M.F.: My work is more focused on the idea of the end of the sacred object, the deconstruction and the end of concepts and dogma. I’m especially interested in the idea of the death of a consumer item once its usefulness has passed. This can apply to a VHS tape whose use has become obsolete, to a concept of thought or to a way of life that has become unfashionable. A political movement such as the Communist Party (“PC” in French) that has come to designate a type of computer for younger generations. A revolutionary movement such as the Black Panthers whose logo has become a fashion brand for sports jerseys and whose very slogan, “Burn baby burn”, is currently used by a brand of hot sauce you can buy online. And of course, there’s the work I did on the desecration of objects of worship in Islamic culture, such as prayer rugs but also certain texts and hadiths from the prophet. To answer your question, I think that Islam, like all other religions, philosophies and concepts, must be used and criticized by art and artists. I think that there is still a little bit of freedom in art that must be used as much as possible.
V.R.: Do you think that the representations of Islam today are derived from an Orientalist view (in the sense Edward Said intended)? Have we entered post-orientalism?
M.F.: Yes, I think that the representations of Islam today stem from a post-orientalist point of view, but also post-9/11. The image of Islam in the world has changed a lot since that day. Only a week ago, my answer would have been different, seeing what has happened in Tunisia and Egypt. I think that ultimately for many Western intellectuals and politicians, the equation of Islam and democracy has become possible, which opens the possibility for a different view. I really think that democracy can change the image of Muslim countries. The current rebellion in Muslim nations and their appetite for democracy is the best answer to those who still believed that a war was justified to inject democracy and depose a dictator. I’m talking about Iraq and the stance of many Western intellectuals. I actually think that the Bush government should be prosecuted for having robbed the Iraqi people of a true democracy that would surely have deposed Saddam Hussein in the current context.
V.R.: Why did you choose to write you artist name entirely in lower case letters?

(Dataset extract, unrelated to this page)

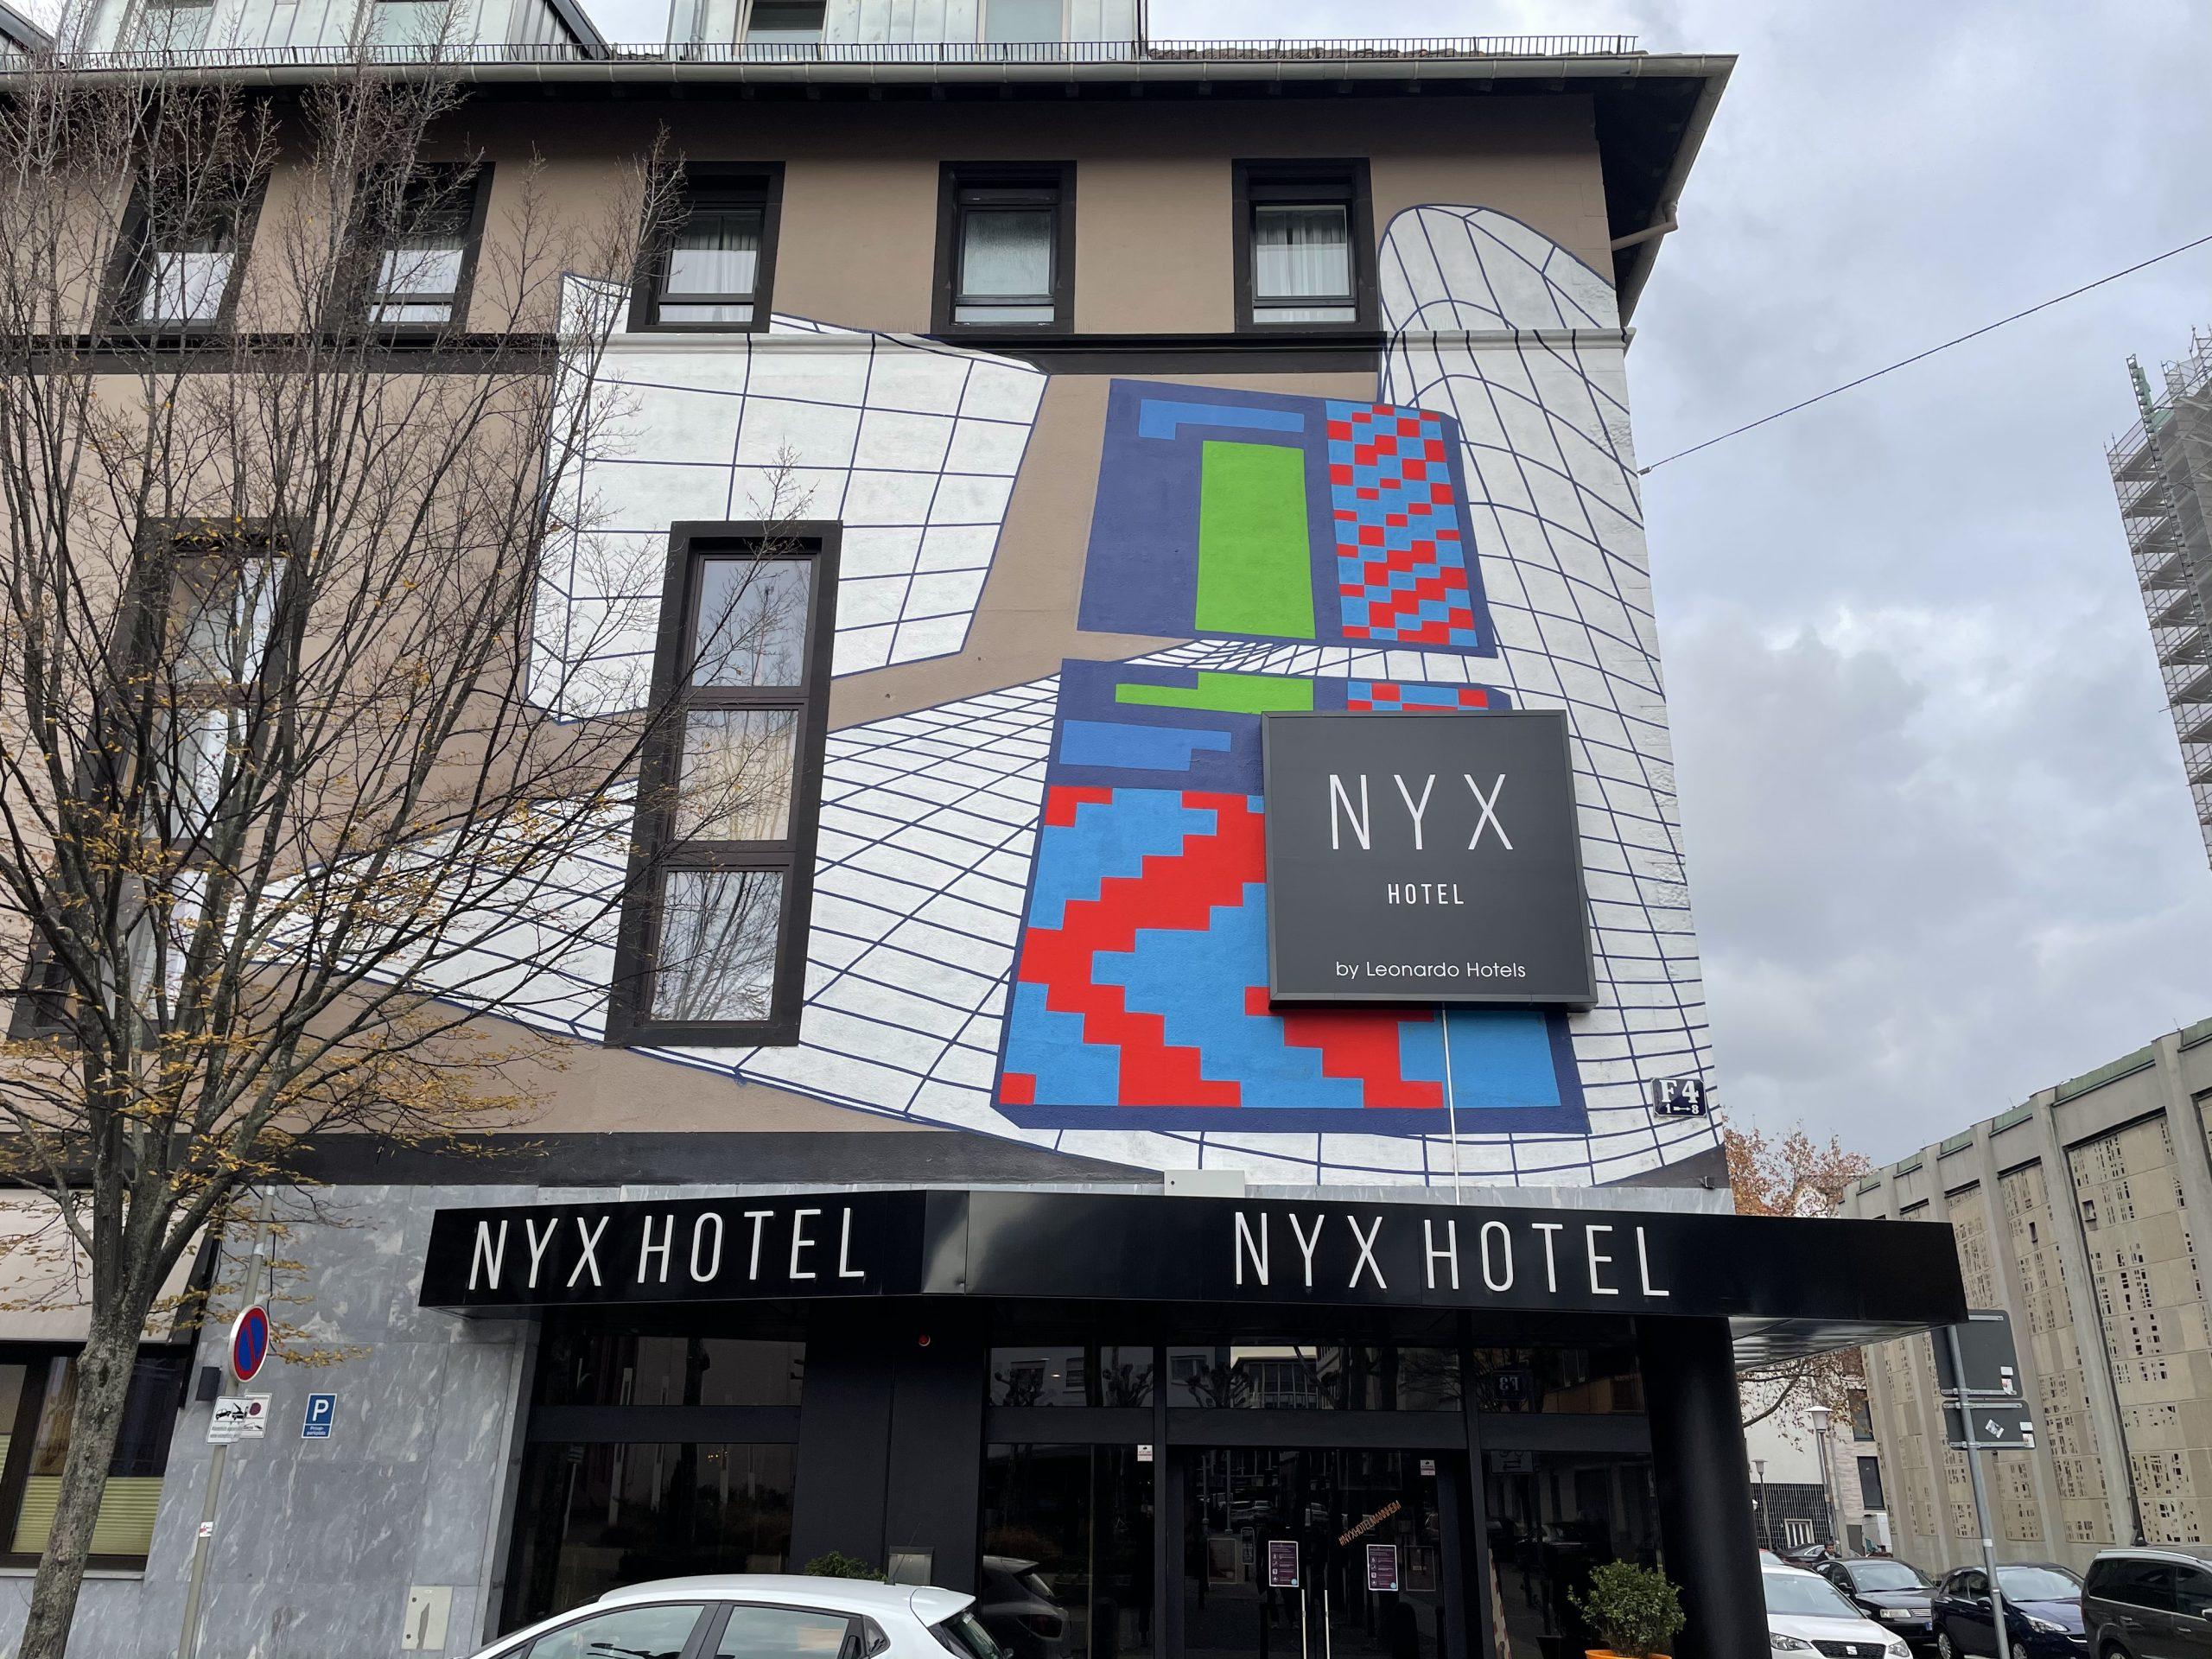 DEMSKY_NYX Hotel Mannheim
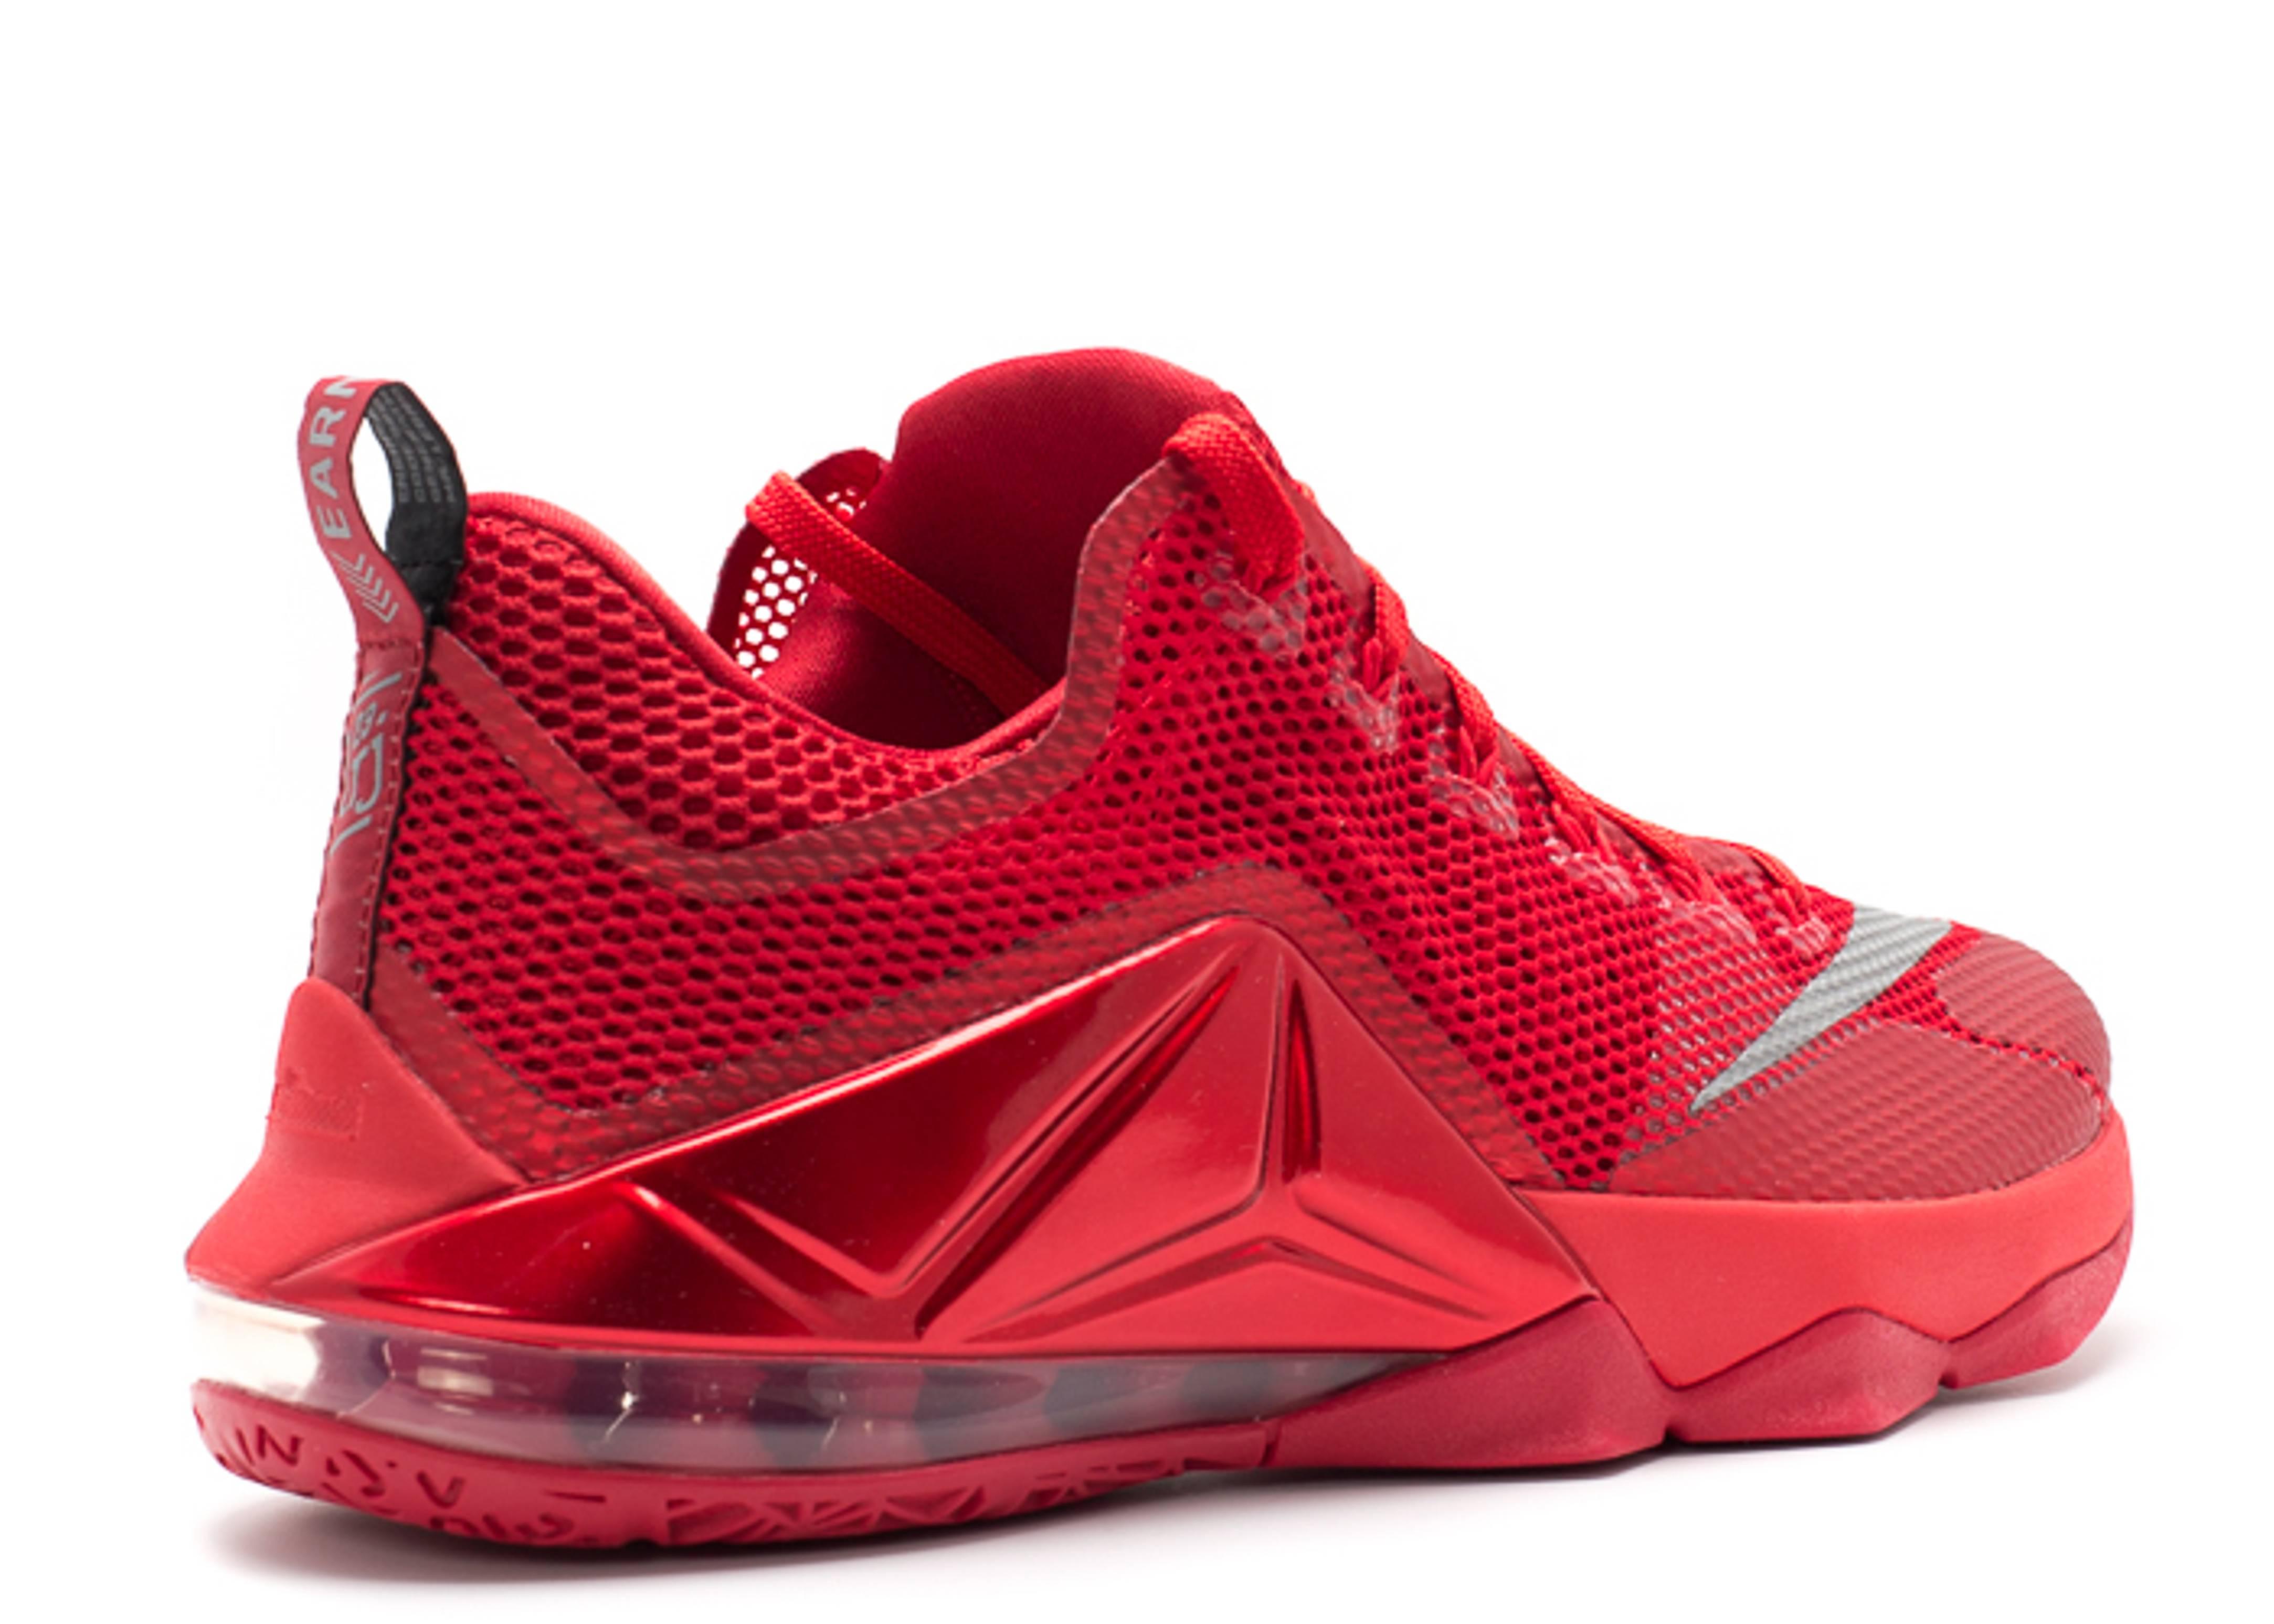 a7ec7926c0e lebron 12 low - unvrsty rd rflct slvr-gym rd-b - Nike

M.F.: It started with the word processor Word that is formatted to add capitals to names. To accept such an intrusion from the machine is to accept the machine entirely. So one day, I simply decided not to use capitals anymore, and to my surprise, lots of people were shocked, and some graphic designers who worked on my catalogue even called me pretentious. Which goes to show, even a very slight change can cause a whole debate.